“Callie?” It was Josh’s turn to look worried. If she weren’t being assailed by ice, she might have cracked a joke about their taking turns breaking down these days.
The trailer’s door slammed open. Callie staggered back into the shadows. Josh followed her. Nate lingered in the doorway. Either the white bomber jacket or the ocher glow behind him made Nate look bigger. No. Callie wouldn’t let herself go there. Up close he’d be the same acne-scarred weasel as before. He’d asked too much then, and he’d ask too much now. Her knuckles ached to move, but the web of ice was woven too tightly to allow her to stretch her fingers.
What was Nate doing here? If he’d only been here to screw with Josh, then why the long meeting inside the singlewide? Ford’s family owned slaughterhouses and land throughout Gem City. Was Nate actually taking up a role in the Ford mob business, and not just slinging dope? Callie once would have said Nate wasn’t smart enough to run a business, much less a surreptitious one. Then she’d found him with the journal of St. Petro, a holy book with a whole lot of details about soul magic. He’d been studying. She’d taken his soul, and put herself in this whole goddamn mess.
Nate hopped down the two steps to the curb. A tall woman followed him out. She had a wide nose and broad shoulders, and was very clearly a woman you did not want to get into a fight with. Nate gave the woman his least creepy leering smile. To her credit, the woman didn’t blanch. Callie had been on the other end of that look before, and it stained. Nate extended a hand. The brilliant glow from the open office door didn’t allow for secrets. Pinched between his first two fingers and his thumb Nate held a shiny black card. Even from her frozen hiding place, Callie couldn’t have missed it. That slick material and the promises it made were etched in her mind.
Anonymous Souls.
Nate was involved in Anonymous Souls.
Of course he fucking was.
The woman accepted the card, and gave Nate a curt nod. Adam rushed out of the office to join Nate, and the two walked in the opposite direction of the job site. Whatever they were here for, they’d accomplished it.

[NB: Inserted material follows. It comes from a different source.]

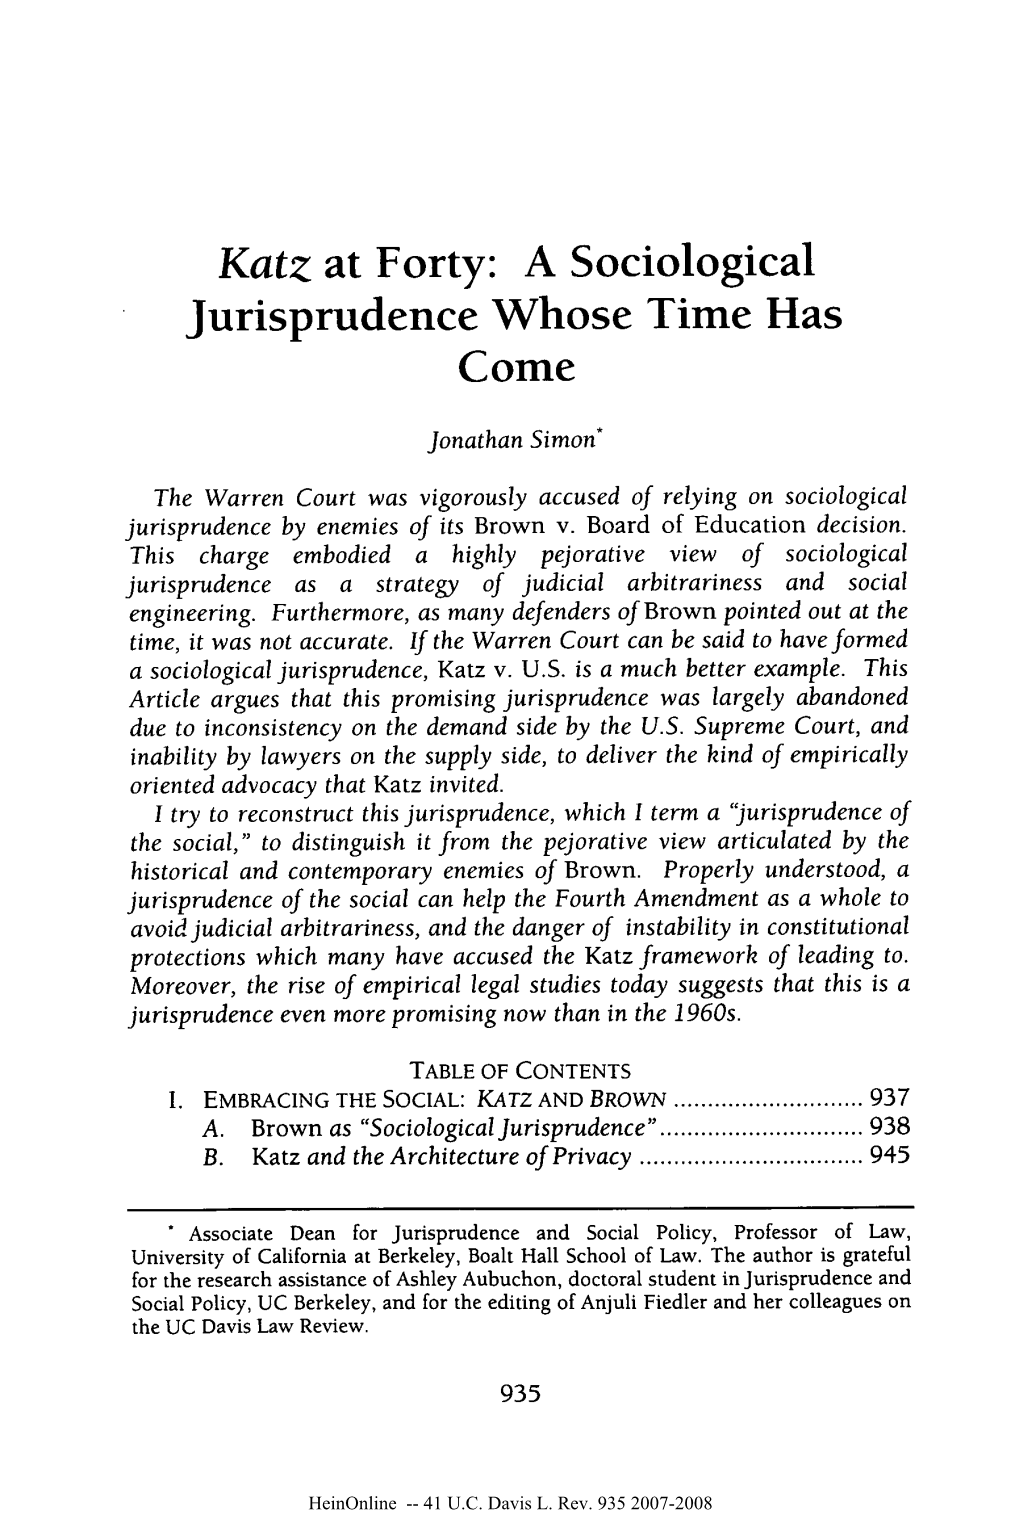 A Sociological Jurisprudence Whose Time Has Come
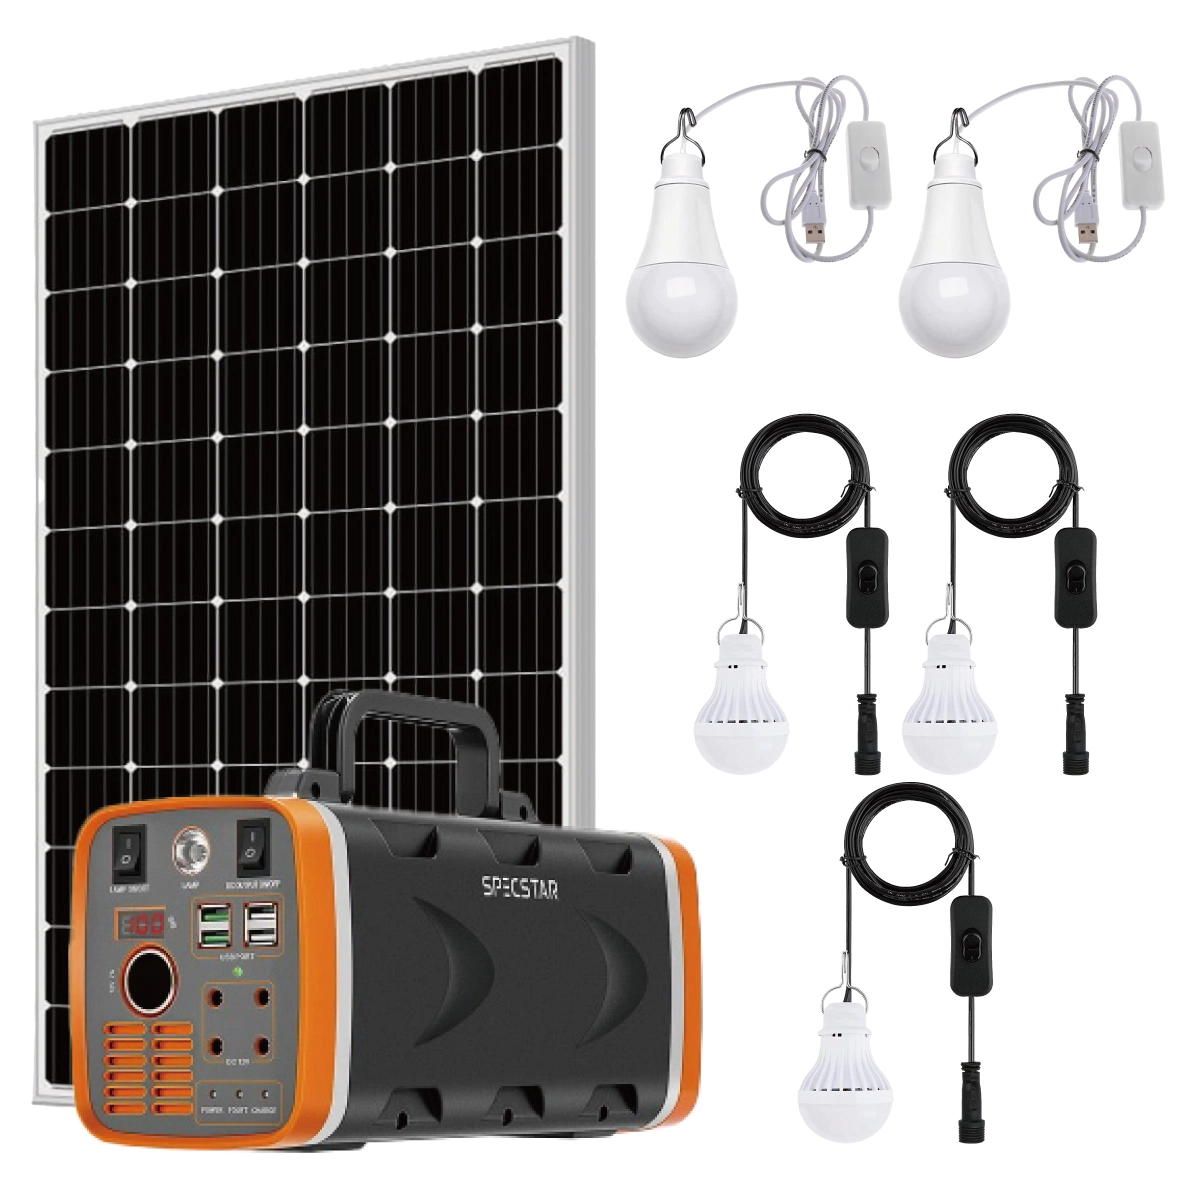 inl psg 002 portable solar power system

The woman returned to the office, closing the door. The construction workers continued bustling back and forth. No one else had seen the exchange. No one else would have had the sense to be scared. That was the burden of knowledge. Innocent moves like handshakes and card exchanges took on another light when you understood the real business being brokered.
Callie stepped out from the darkened hiding spot. The flood lamps hit her, illuminated her, and blanched her skin. No hiding. She couldn’t let Nate keep coming at her family. Messing with her one was thing. She deserved it for what she’d done, but we own our own shit. Zara and Josh hadn’t stolen Nate’s soul. They hadn’t denied his advances. They hadn’t done shit to him. The urge to sprint after him, to remind him of how the world worked hit her. If he had a problem with her, then come after her. This tormenting of her loved ones was weak.
She only made it a couple steps before the realization hit her: She couldn’t go after Nate now. He knew what hospital Zara was in. He knew where Josh worked. He knew she’d given him souls that didn’t belong to him—and was, she realized, not so dumb as to ignore the obvious dotted line that she’d stolen them. He had Adam with him, and back up like that carried weapons. She couldn’t very well pull Josh into that fight. She curled her fingers into a fist and squeezed until her nails dug into the meat of her palm.
“I work here, you know.” The uneasy tremble made Josh’s attempted joke fall flat.
“I know,” she whispered, still watching where Nate and Adam had stood moments earlier. “You going to be okay?”
“Kind of feel like I should be asking you that, sis. You good?”
Far from it. “If you can avoid them for awhile, I will be.”
That might have been a lie. She’d be closer to good if she didn’t have to worry about him. She needed time to regroup, to figure out what was happening, to make a plan. Once again, she found herself missing the Soul Charmer. He’d have shoved her into this sand pit, too, but at least he would have handled all the machinations. He’d have had some strategy. He could have frightened people into compliance. Until then, she needed to find out what the Anonymous Souls dealer knew about Nate and his operations. She also was going to have to tell Derek about this, because if there was any hope of forcing Nate to back down it was going to require some leather-clad teamwork.
“He’s got nothing for me anymore.” Josh’s earnestness hurt.
Callie extended her magic out to protect his soul again. It was cold and crying and she somehow understood her brother better in that moment. The jagged scars from growing up too fast were stippled across the whole of his soul. The ragged edges missed who he once was—before the drugs, before Zara had become self-involved, before adulthood—and there wasn’t a plea for a home or for a rented soul to mask the pain. Deep down, her brother’s soul wanted only to heal. A shimmer of hope fluttered in Callie’s chest. Unfamiliar, but welcome. She let her magic coil around his soul. It kept the chill from assaulting her, but also gave him a moment of peace. His lips parted on a slow breath.